The Commonwealth, which was the party “ ‘seeking to have hearsay declarations of a witness admitted as an exception to the general rule[,] must clearly show that [the hearsay decía*361rations] are within the exception.’ ” Id. (citation omitted). I would hold that the Commonwealth failed to meet its burden and that the trial judge erroneously admitted Parker’s recitation of Williams’s statements as “an adoptive admission” by Lynch. When a statement is offered as an adoptive admission, a primary inquiry the trial judge must make is “whether there are sufficient foundational facts from which the jury could infer that the defendant heard, understood, and acquiesced in the statement.” United States v. Jinadu, 98 F.3d 239, 244 (6th Cir.1996). To satisfy this exception to the hearsay rule, the evidence must prove the “statement tending to incriminate one accused of committing a crime is made in his presence and hearing.” James v. Commonwealth, 192 Va. 713, 718, 66 S.E.2d 513, 516 (1951).
Simply put, the Commonwealth’s evidence did not prove the predicate facts necessary to invoke the hearsay exception. See Sapp v. Commonwealth, 263 Va. 415, 424, 559 S.E.2d 645, 650 (2002) (holding that the proponent of evidence, which is claimed to fall within an exception to the hearsay rule, has the burden “to lay a proper predicate for its introduction”); United States v. Robinson, 275 F.3d 371, 383 (4th Cir.2001) (noting that under the federal rules a primary determination is “whether there are sufficient foundational facts from which the jury could infer that the defendant heard, understood, and acquiesced in the statement”). Both case law and commonsense dictate that for a defendant to have adopted an admission as his own “foundational facts” must first establish that the defendant heard and understood the statement.
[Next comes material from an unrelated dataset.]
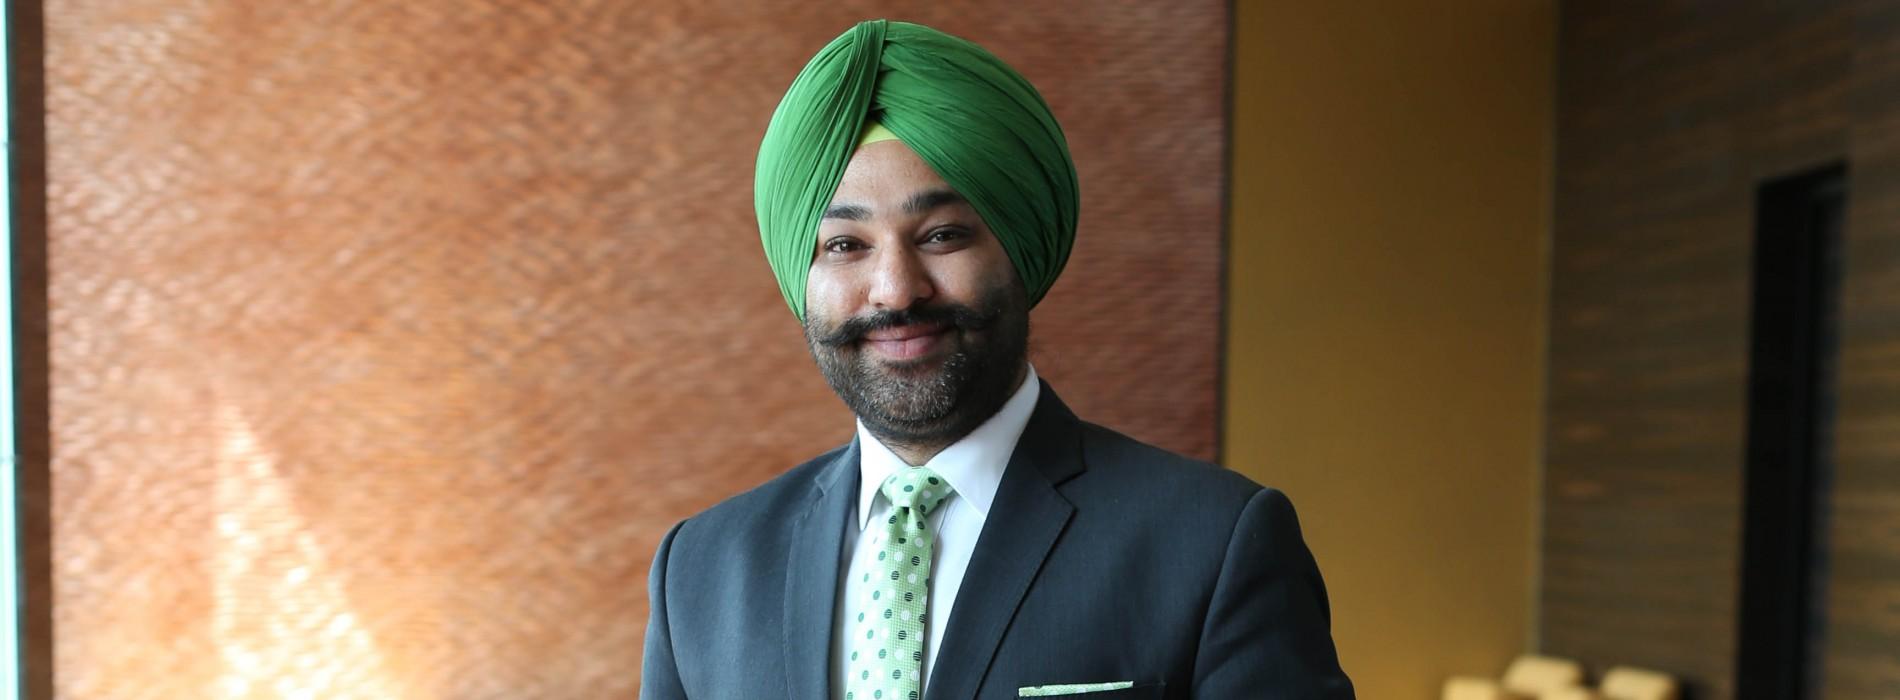 Karanbir Singh Gulati appointed as Director Food & Beverage at Renaissance Mumbai Convention Centre Hotel

No evidence proved Williams made his statement in Lynch’s “presence and hearing.” James, 192 Va. at 718, 66 S.E.2d at 516. Indeed, the evidence established just the opposite: that Lynch was not in the presence of the three men when Williams spoke about the killing. Parker testified he was in the bathroom when Williams first mentioned the killing to his brother. By Parker’s own testimony, he joined the conversation only after he emerged from the bathroom in the den, and he was aware Lynch had not then entered the residence: “[h]e [Lynch] didn’t come up the stairs.” Obviously, Lynch could *362not have adopted the statement as his own if he never heard it. It is simply speculation to say at what point, if at all, Lynch adopted any of Williams’s comments. Yet, the jury was allowed to attribute to Lynch all of Williams’s statements. In view of the evidence, it is just as likely that Lynch was motivated to speak merely because he detected a heated argument as he ascended the stairs. For these reasons, I would hold that the evidence failed to prove that Lynch heard Williams’s conversation and that, therefore, the trial judge erred in admitting into evidence Williams’s statements about the killing.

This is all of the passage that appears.